Once you've built an audience, yes. Generating the audience is a one-time, evidence-grounded step that isn't instant, but after that you can open a free-form chat and ask your personas new questions whenever they come up, with no recruiting, scheduling, or survey fielding. The personas remember earlier sessions, so you can return days later and continue the thread rather than starting cold. This makes ongoing, low-overhead questioning practical for the small questions you'd never stand up a formal study or survey to answer. One limit to know: personas are scoped to a single study, so "over time" means across the life of a research project, not a permanent panel you query indefinitely.

Whenever being wrong is expensive and hard to undo, and in a few specific cases regardless of stakes. Statistically-bounded numbers (a price-switch percentage with a confidence interval) need real-respondent sample size. Claim substantiation for regulatory, label, or advertising use needs real-respondent data. Anything that depends on reacting to a visual mockup, prototype, or interactive flow needs real users, because synthetic personas respond to text, not designs. And actual in-product behavior is captured by analytics and real usability sessions, not simulated. In every workflow pattern, synthetic handles direction, breadth, and speed, and the decisive, irreversible calls still go to humans.

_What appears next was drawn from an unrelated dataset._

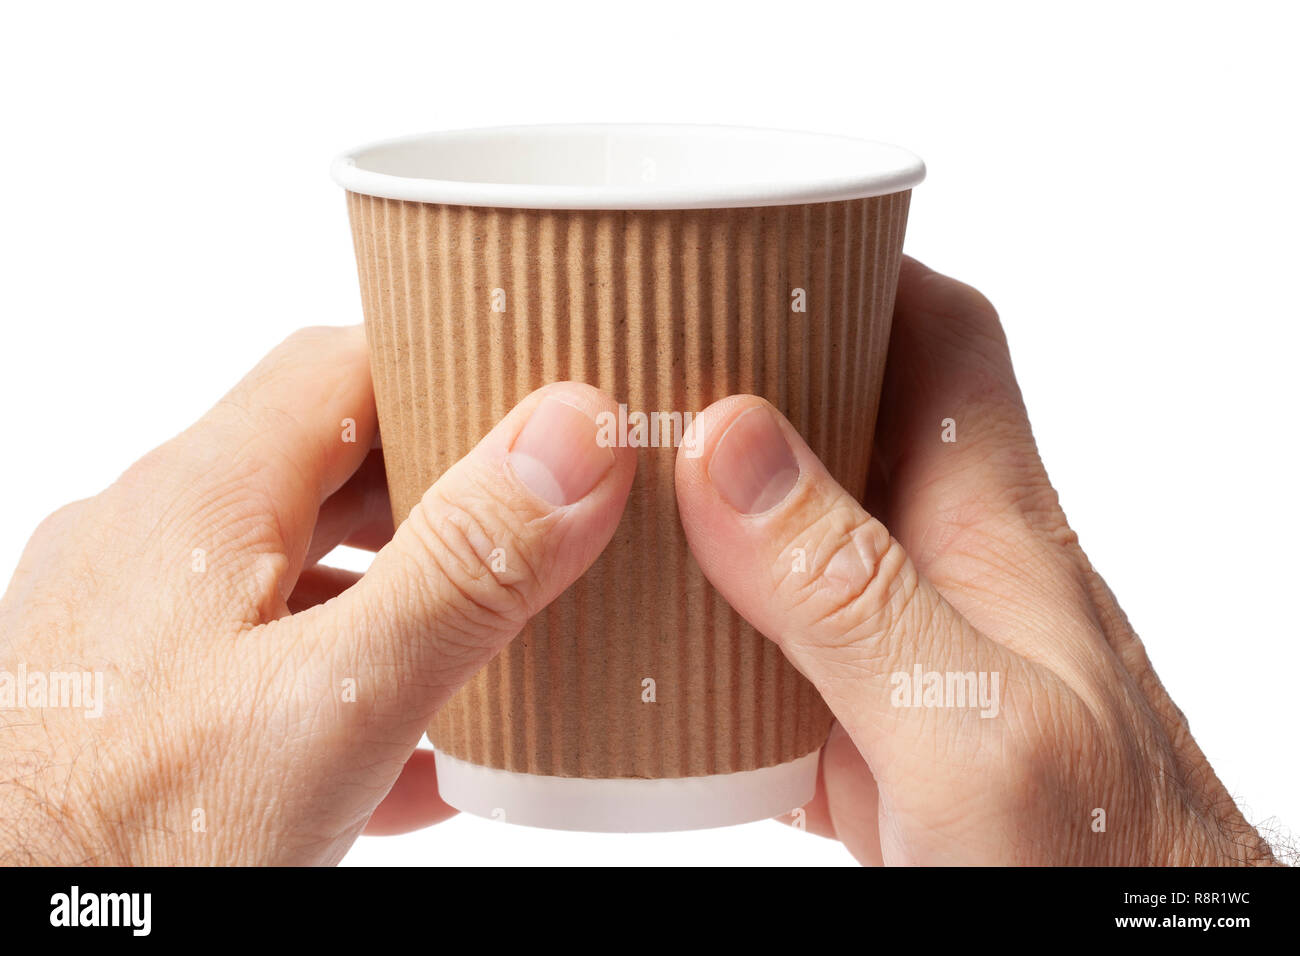 Scatola in cartone tazza di caffè in due mani umane su bianco. Foto Stock

Not strictly. Two of the three common patterns pair it with human research (synthetic before human, or human before synthetic), and that pairing is where most high-stakes value comes from. But the third pattern runs synthetic on its own: a steady loop of quick, lower-stakes questions against an existing audience, where the realistic alternative isn't a panel, it's not asking the question at all. The honest framing is that synthetic is an augmentation layer. It's genuinely useful standalone for fast, directional, ongoing questions, and it should not be the last word on a decision where being wrong is costly. Match the pattern to the stakes and it earns its place either way.